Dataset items
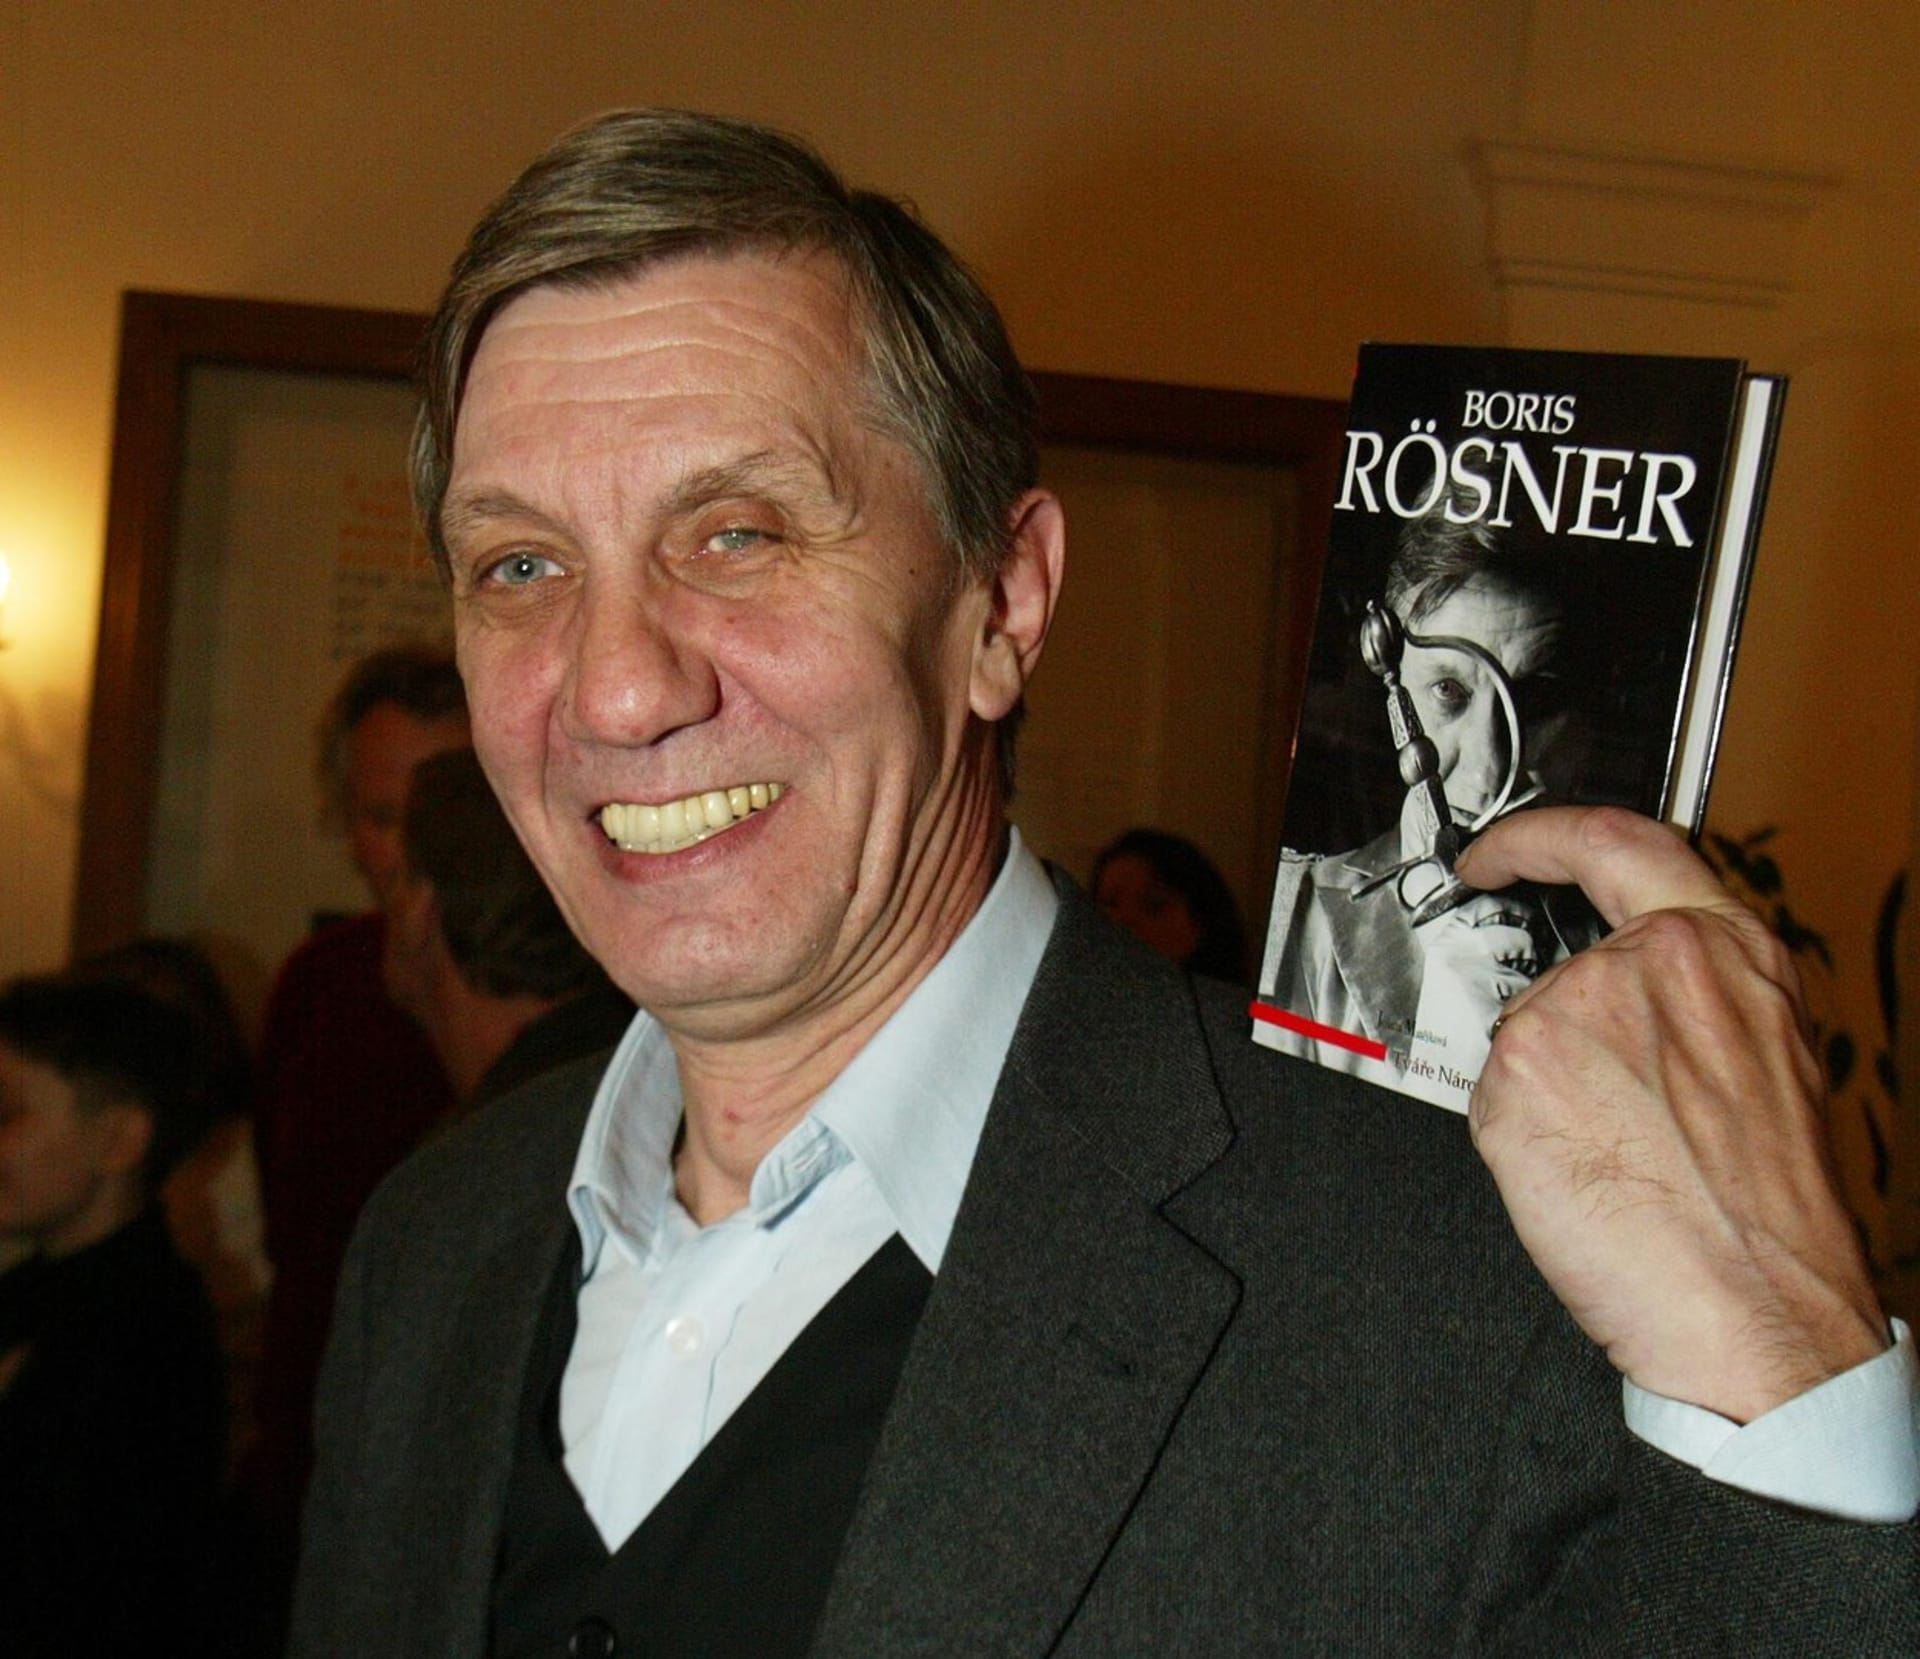 Boris Rösner napsal životopisnou knihu, která vyšla jen krátce předtím, než se u něj zrádná nemoc objevila.
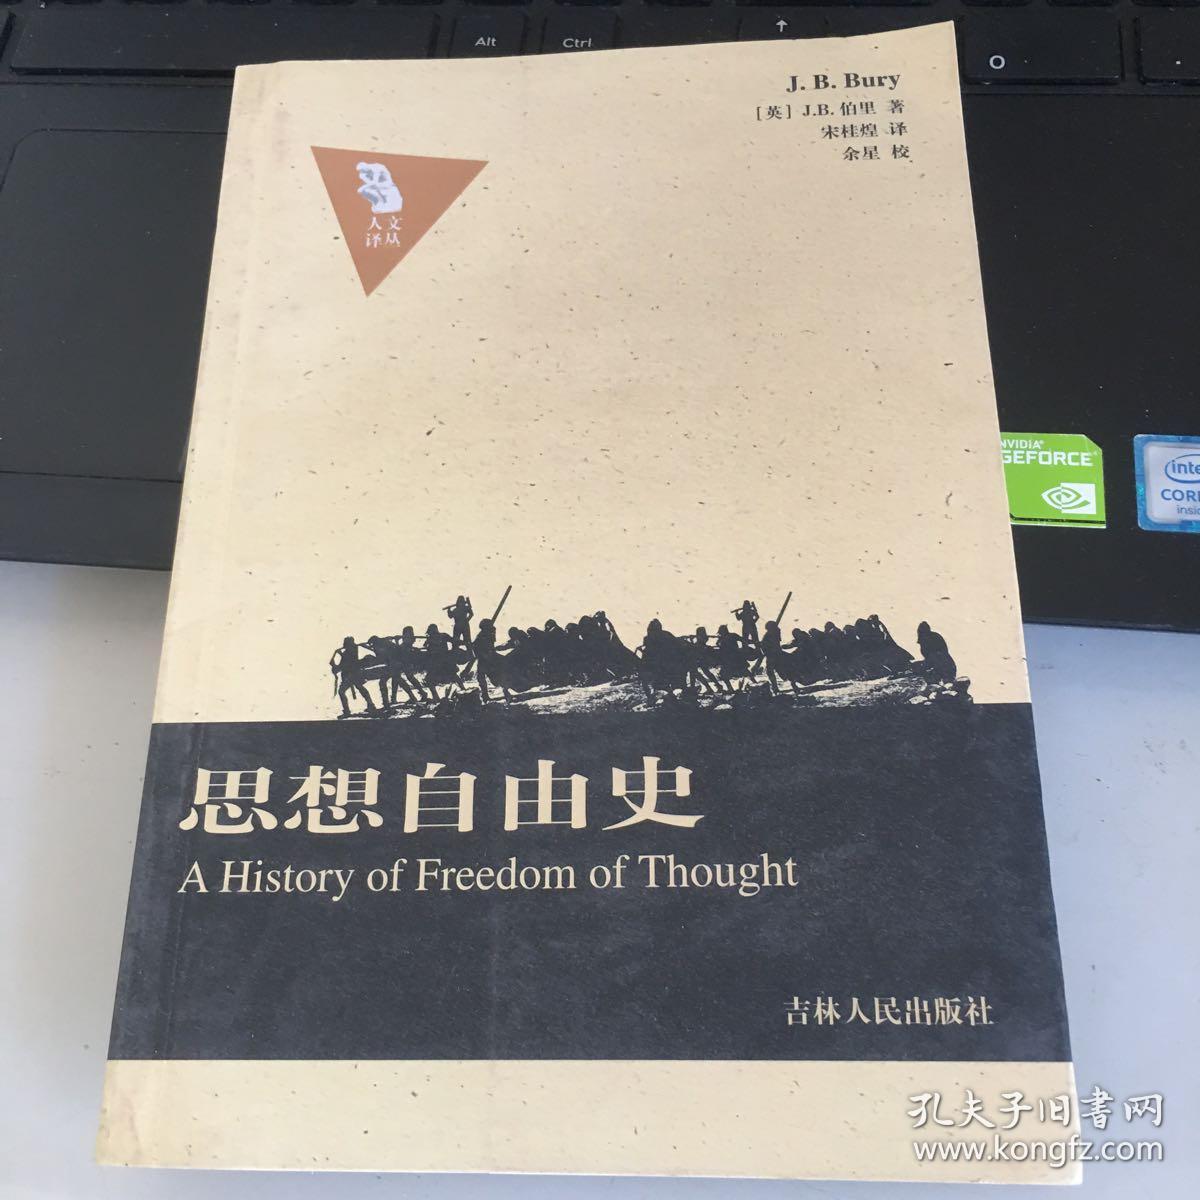 思想自由史:a history of freedom of thought
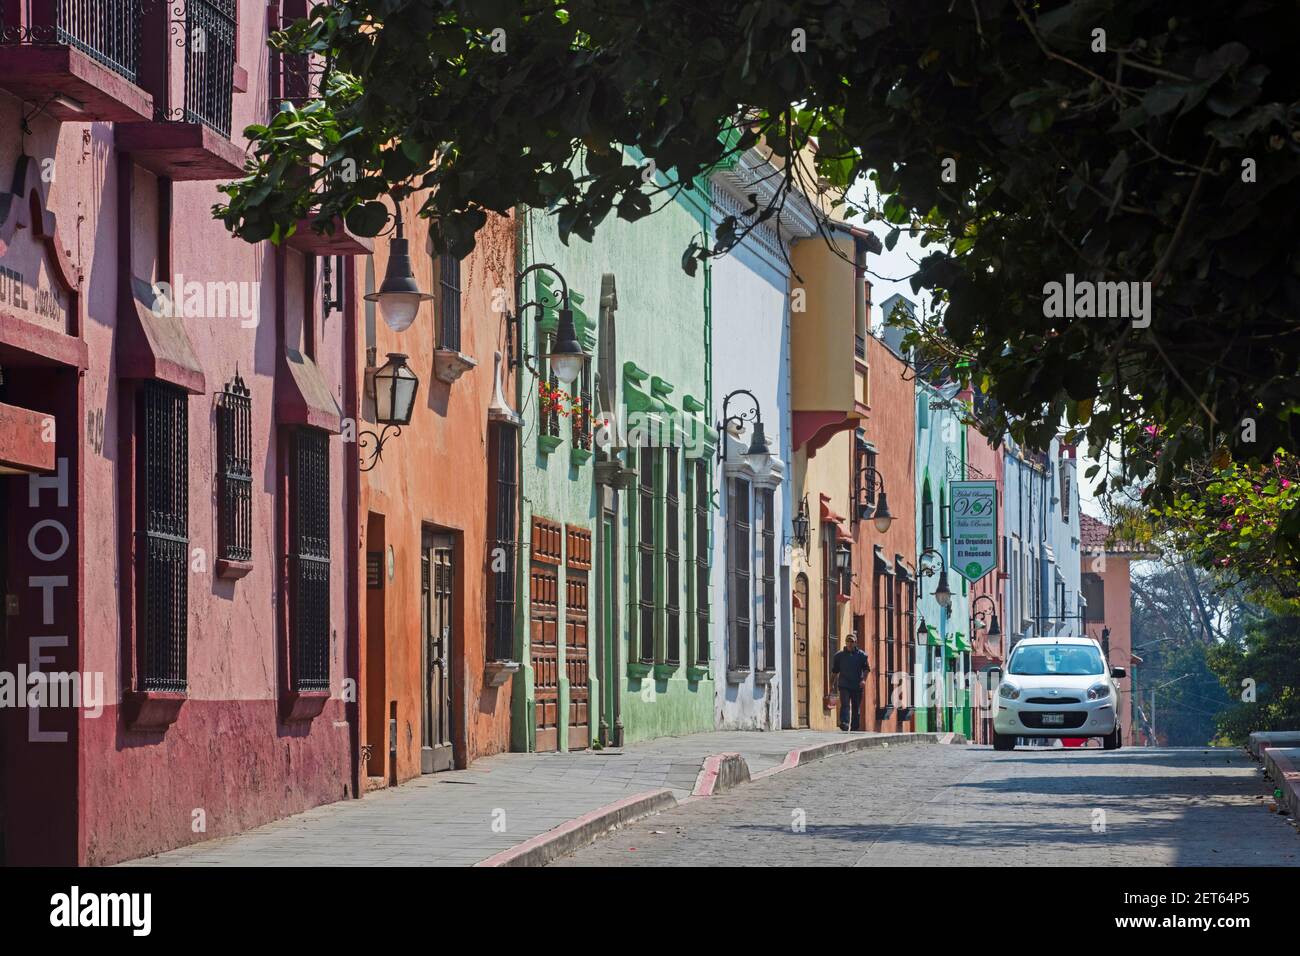 Straße mit pastellfarbenen Kolonialhäusern und Hotels in der Stadt Cuernavaca, Bundesstaat Morelos, Mexiko Stockfoto
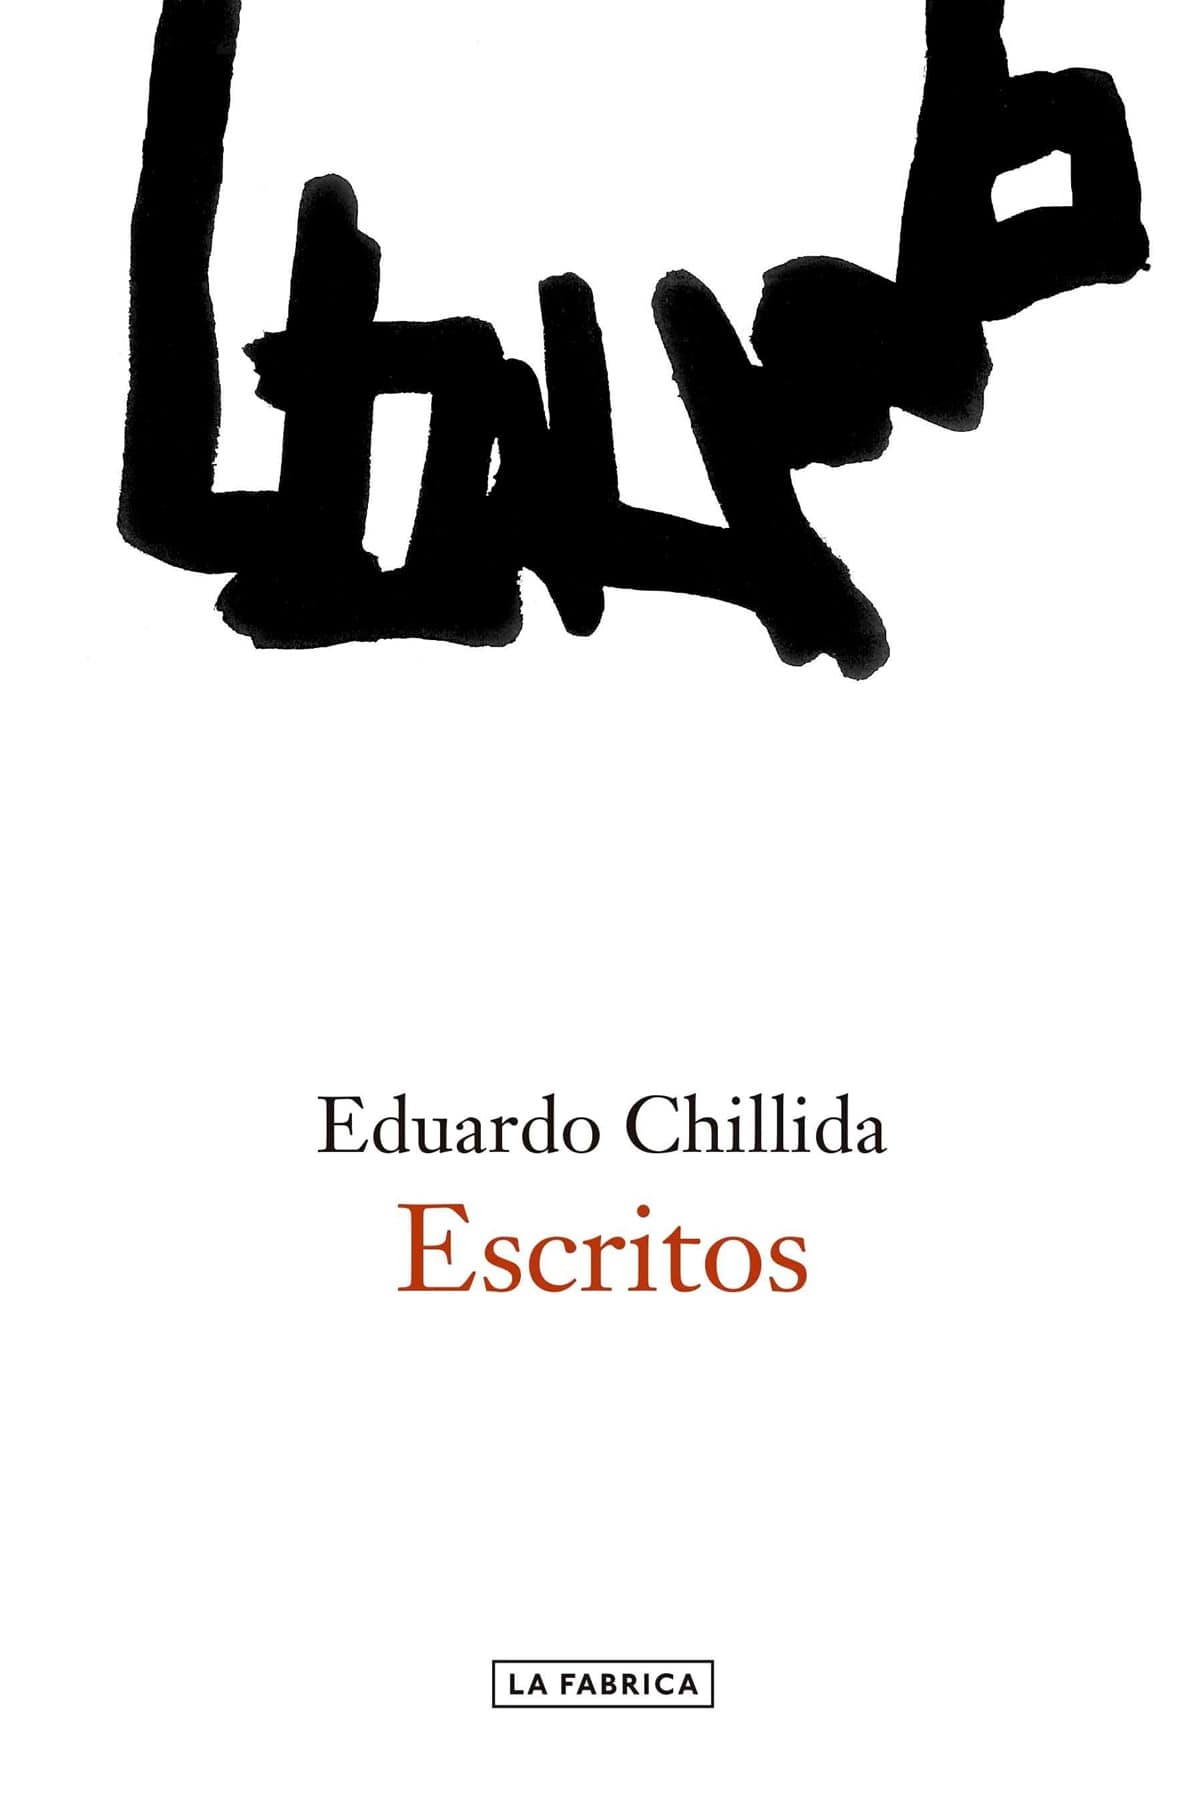 Escritos de Eduardo Chillida
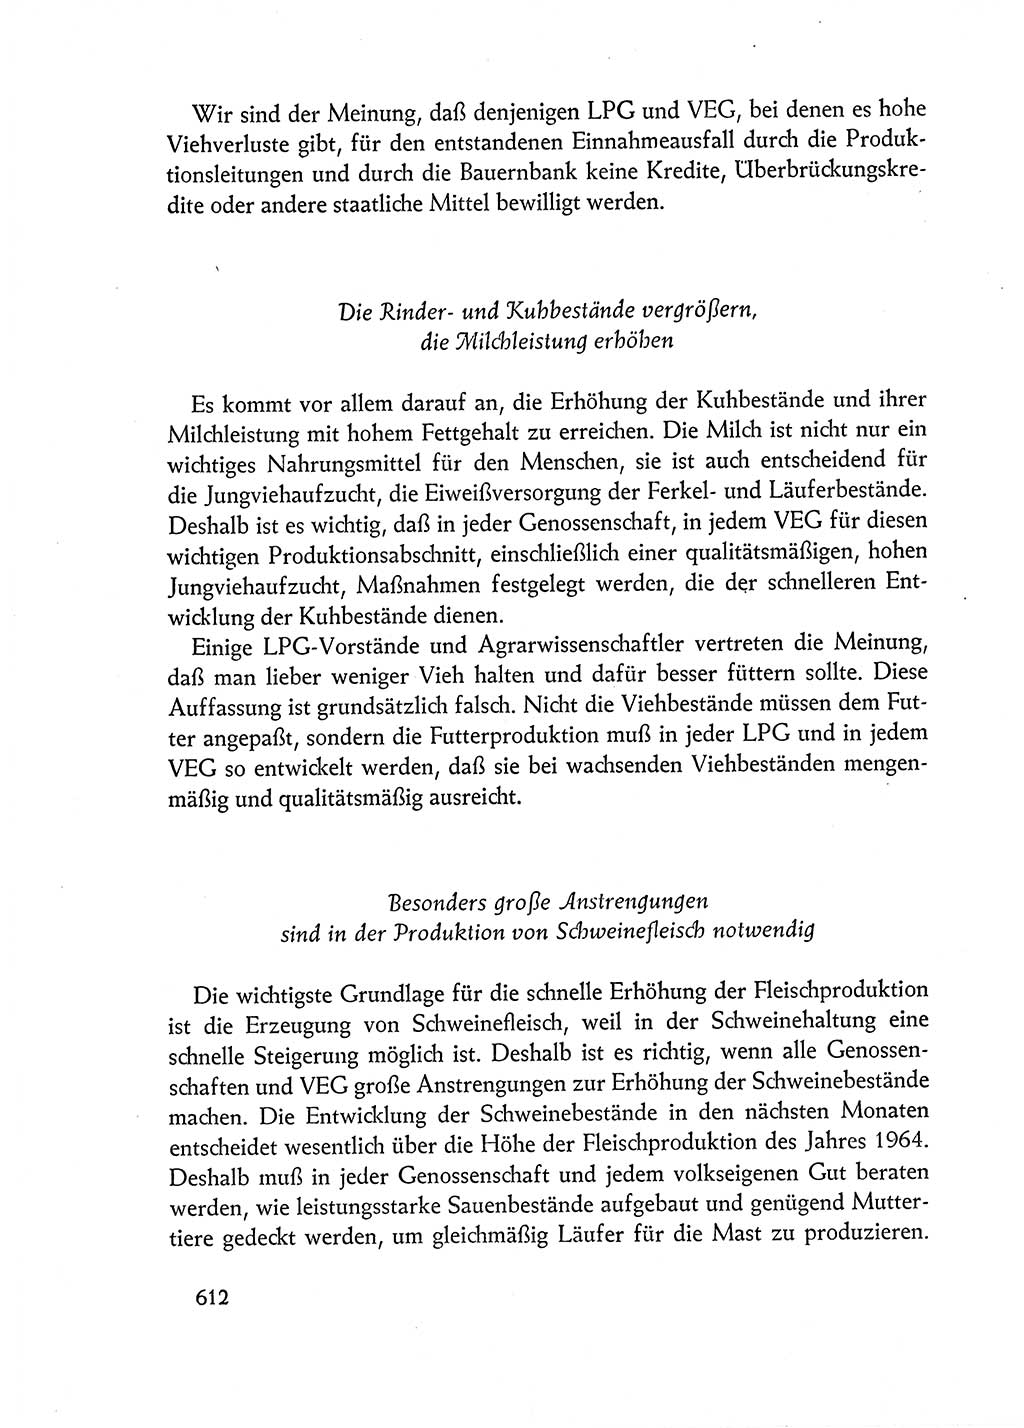 Dokumente der Sozialistischen Einheitspartei Deutschlands (SED) [Deutsche Demokratische Republik (DDR)] 1962-1963, Seite 612 (Dok. SED DDR 1962-1963, S. 612)

> _Assigned task_
No pictures belong in the copy: reproduce exactly the lines above from the one that contains "思想自由史:a history of freedom of thought" through the last line of the entries.

> _Answer box_
 思想自由史:a history of freedom of thought
 Straße mit pastellfarbenen Kolonialhäusern und Hotels in der Stadt Cuernavaca, Bundesstaat Morelos, Mexiko Stockfoto
 Escritos de Eduardo Chillida
 Dokumente der Sozialistischen Einheitspartei Deutschlands (SED) [Deutsche Demokratische Republik (DDR)] 1962-1963, Seite 612 (Dok. SED DDR 1962-1963, S. 612)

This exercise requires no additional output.